## PROBLEM TO WORK ON
Your output should match the listing below word for word, without any images.
── INFORMATION SHOWN ──
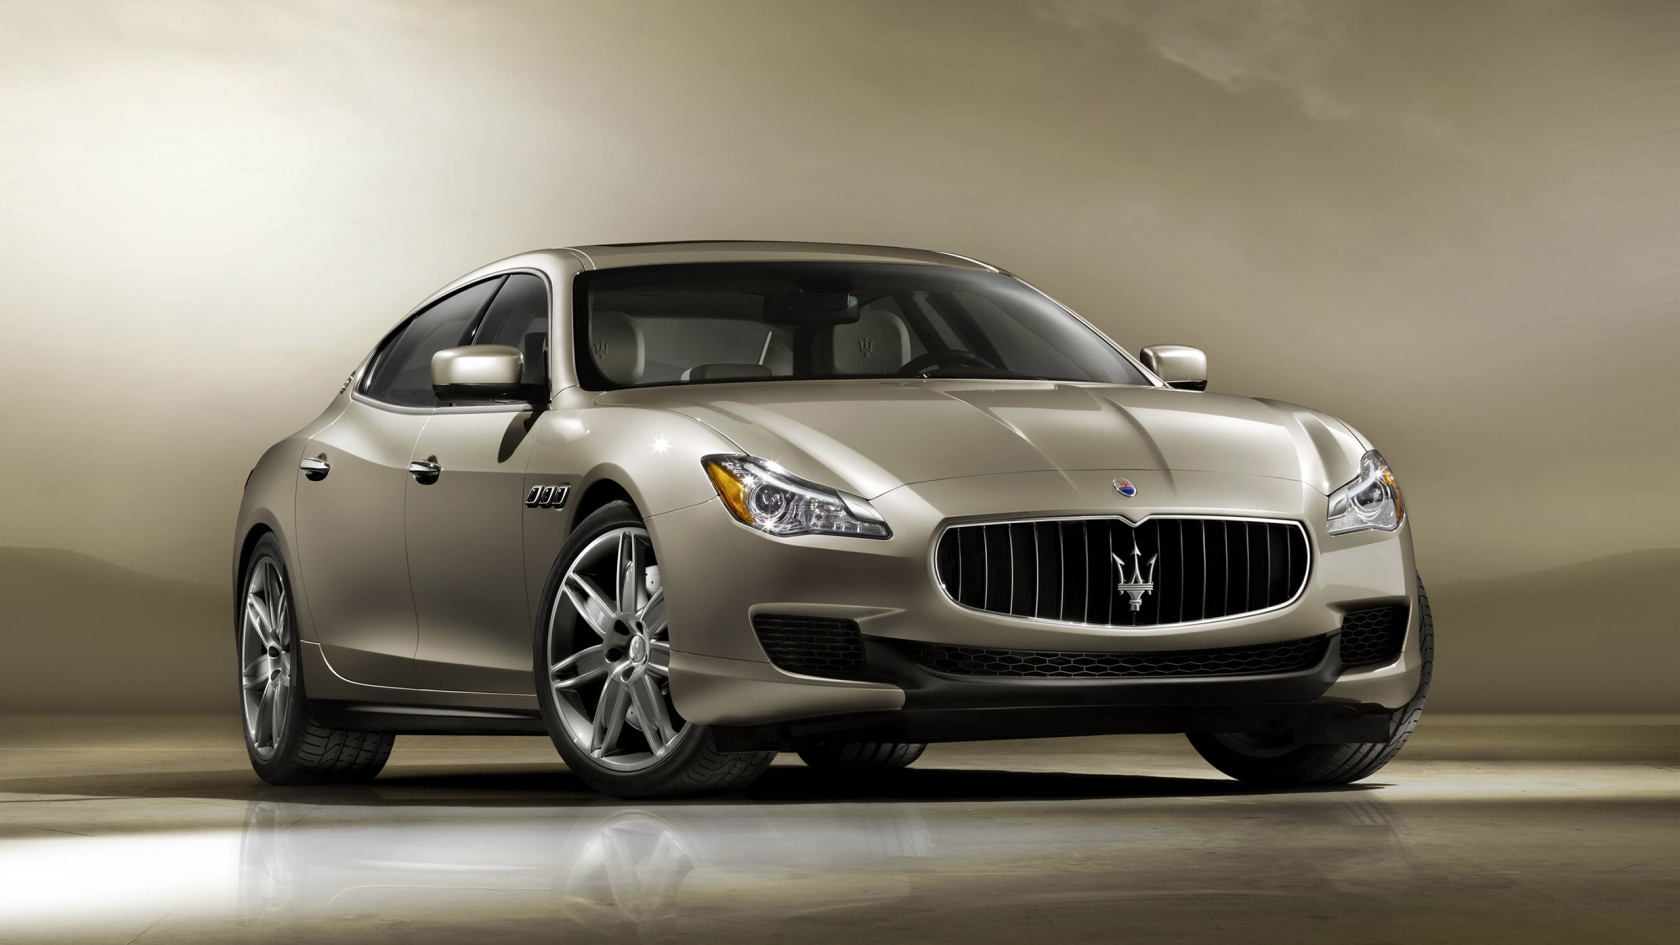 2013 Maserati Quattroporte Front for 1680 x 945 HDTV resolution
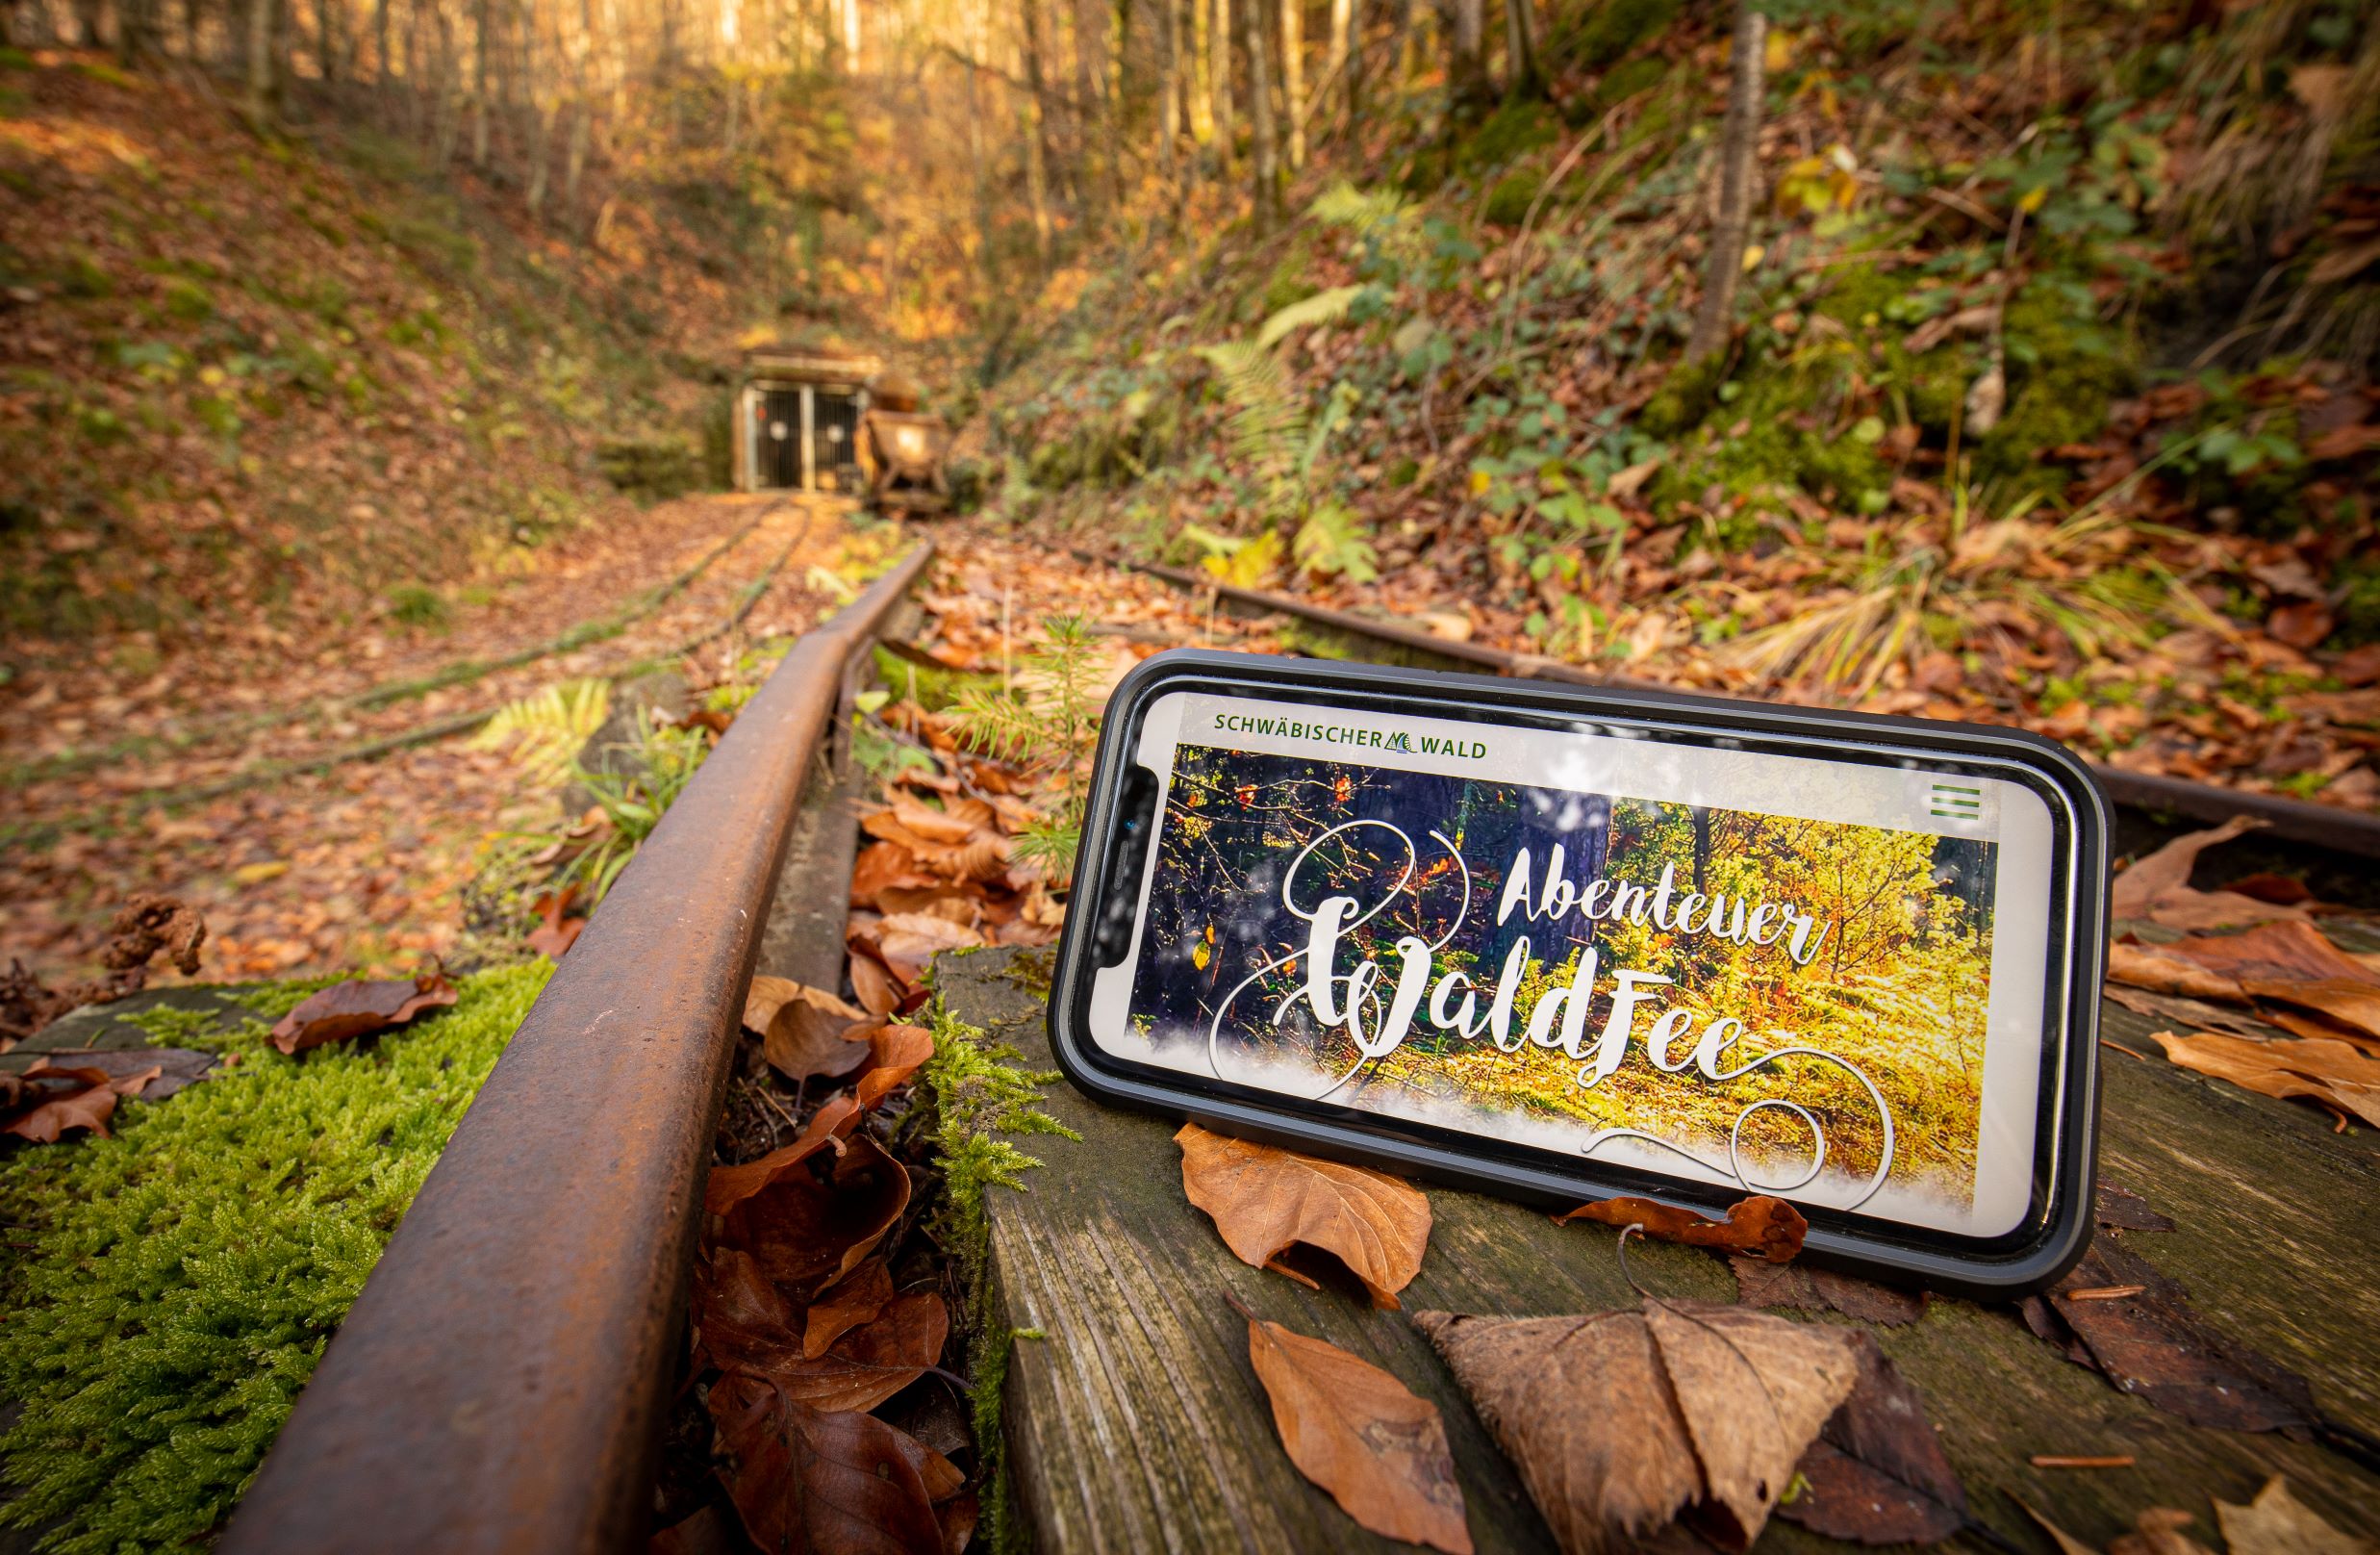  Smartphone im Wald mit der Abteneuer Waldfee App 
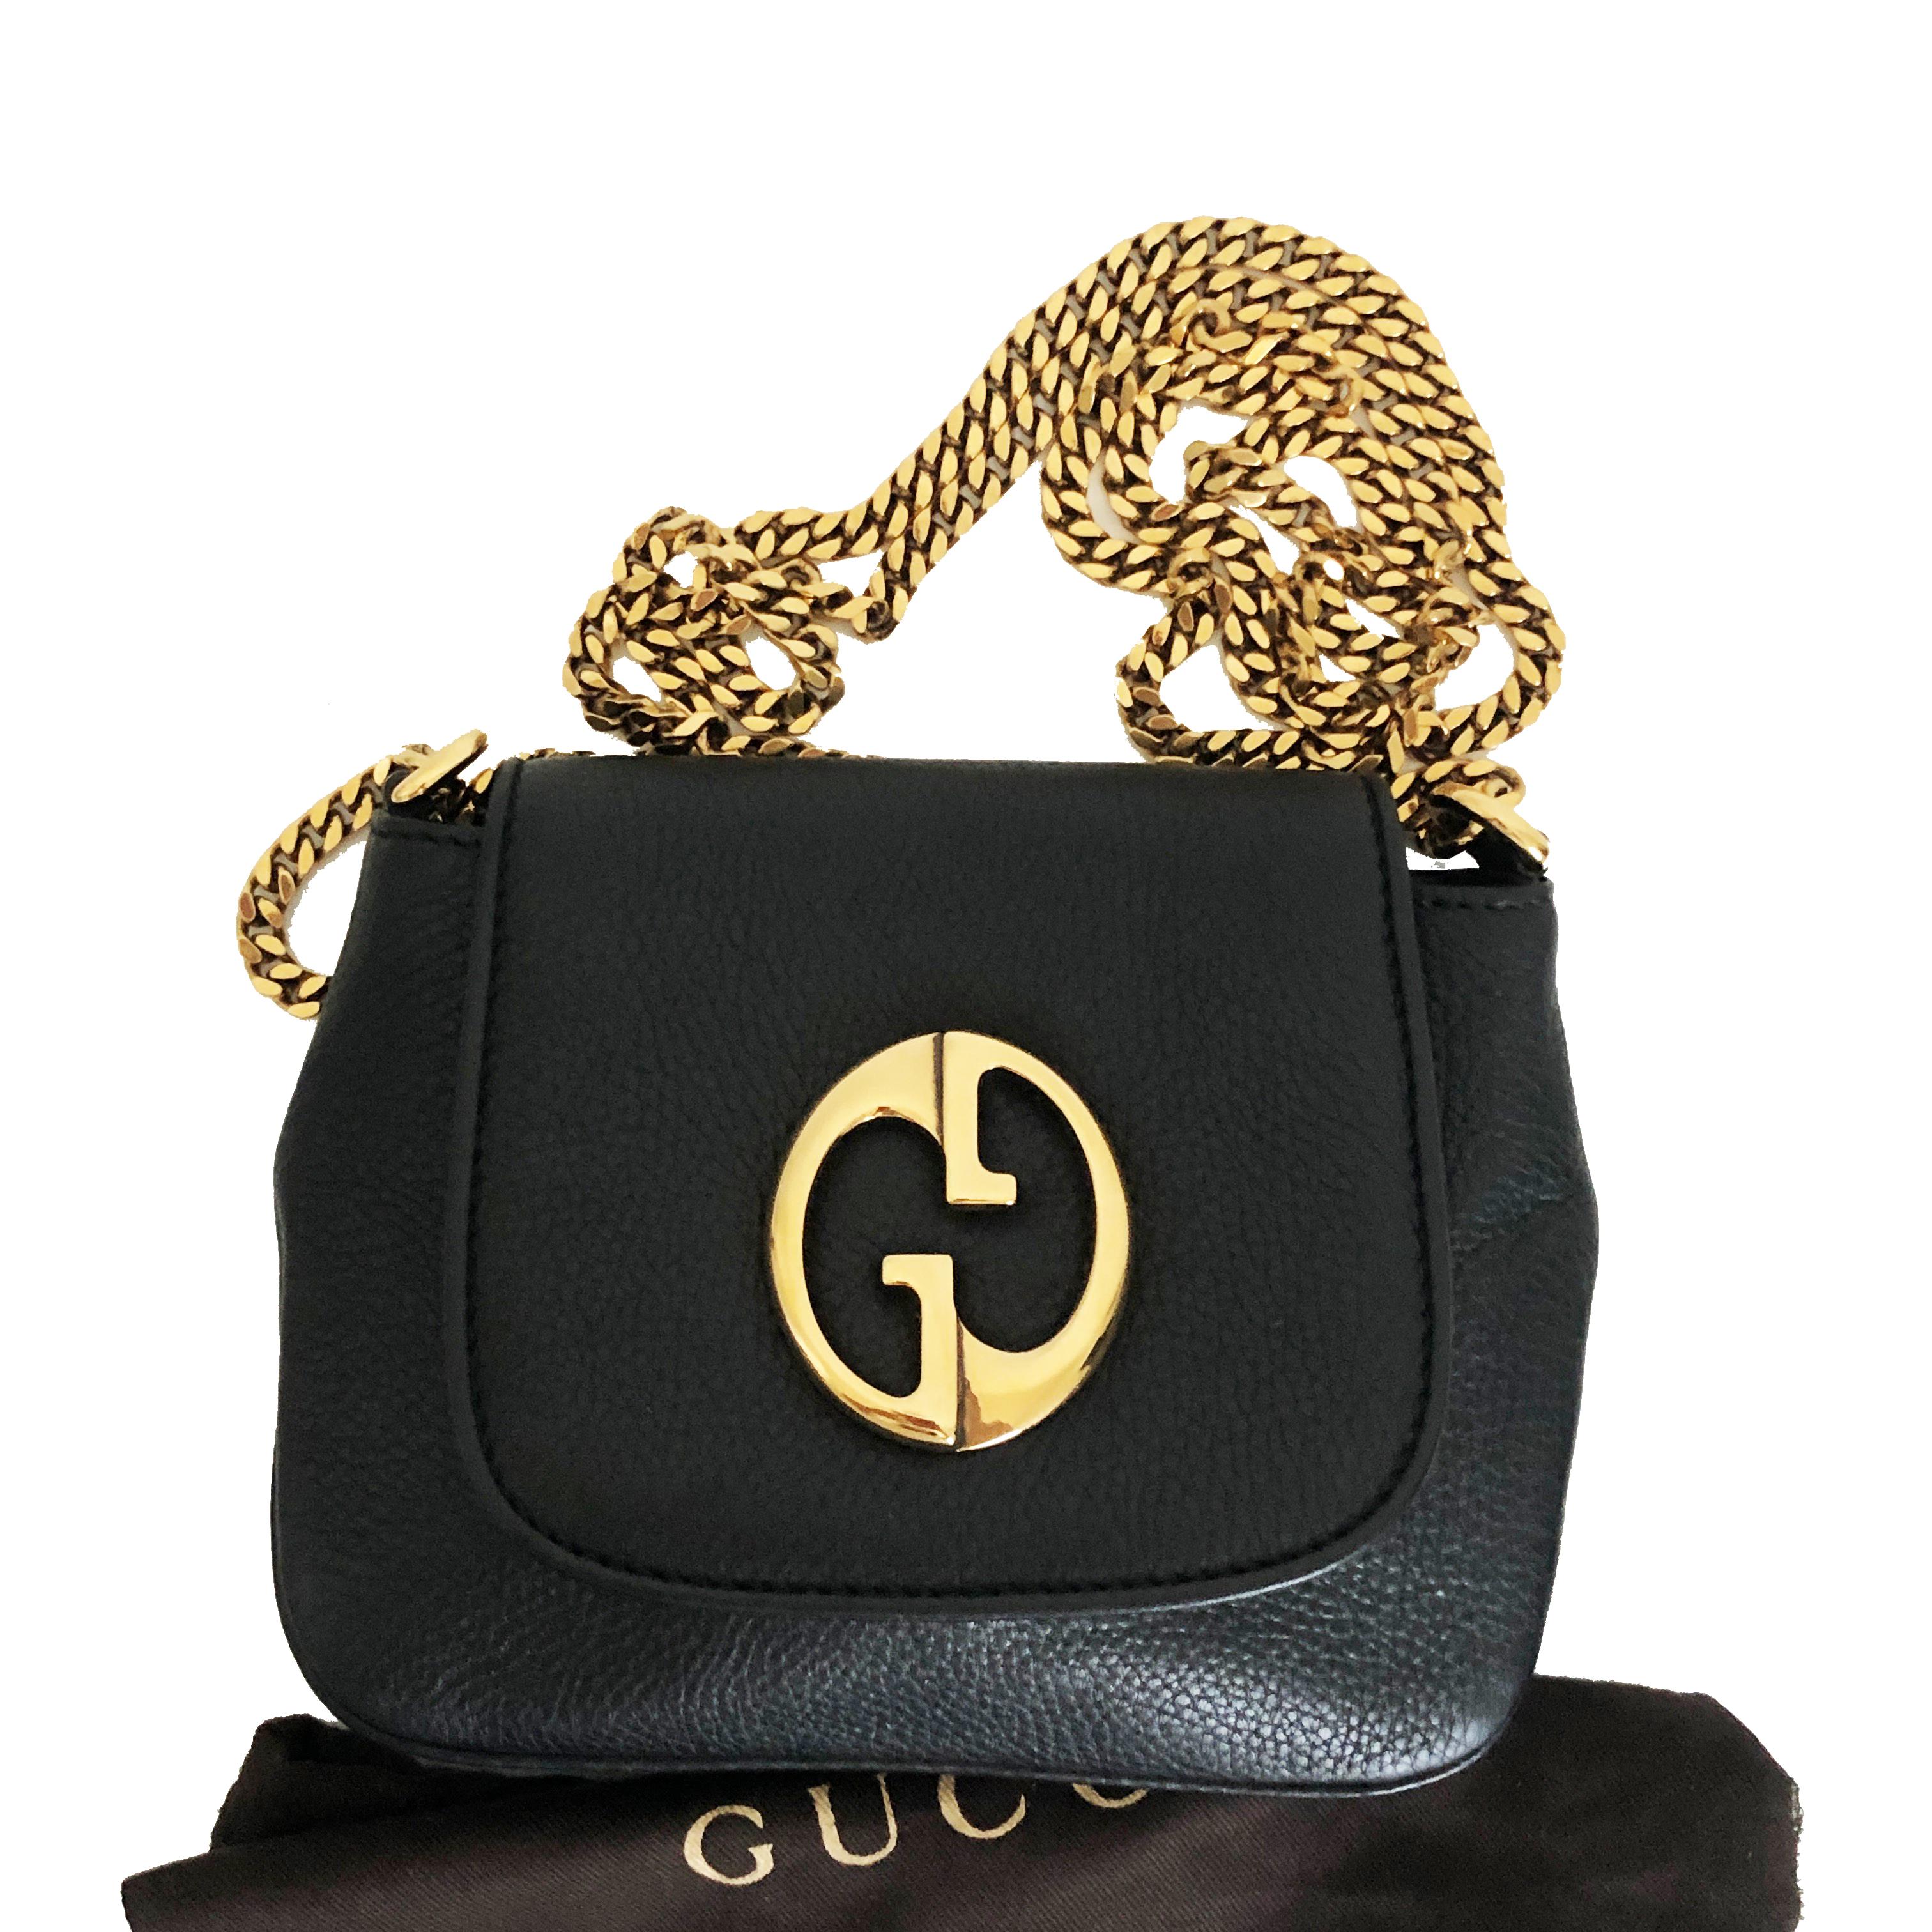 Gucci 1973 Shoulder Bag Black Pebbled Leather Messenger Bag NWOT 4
───
## SOLUTION
 2013 Maserati Quattroporte Front for 1680 x 945 HDTV resolution
  Smartphone im Wald mit der Abteneuer Waldfee App 
 Gucci 1973 Shoulder Bag Black Pebbled Leather Messenger Bag NWOT 4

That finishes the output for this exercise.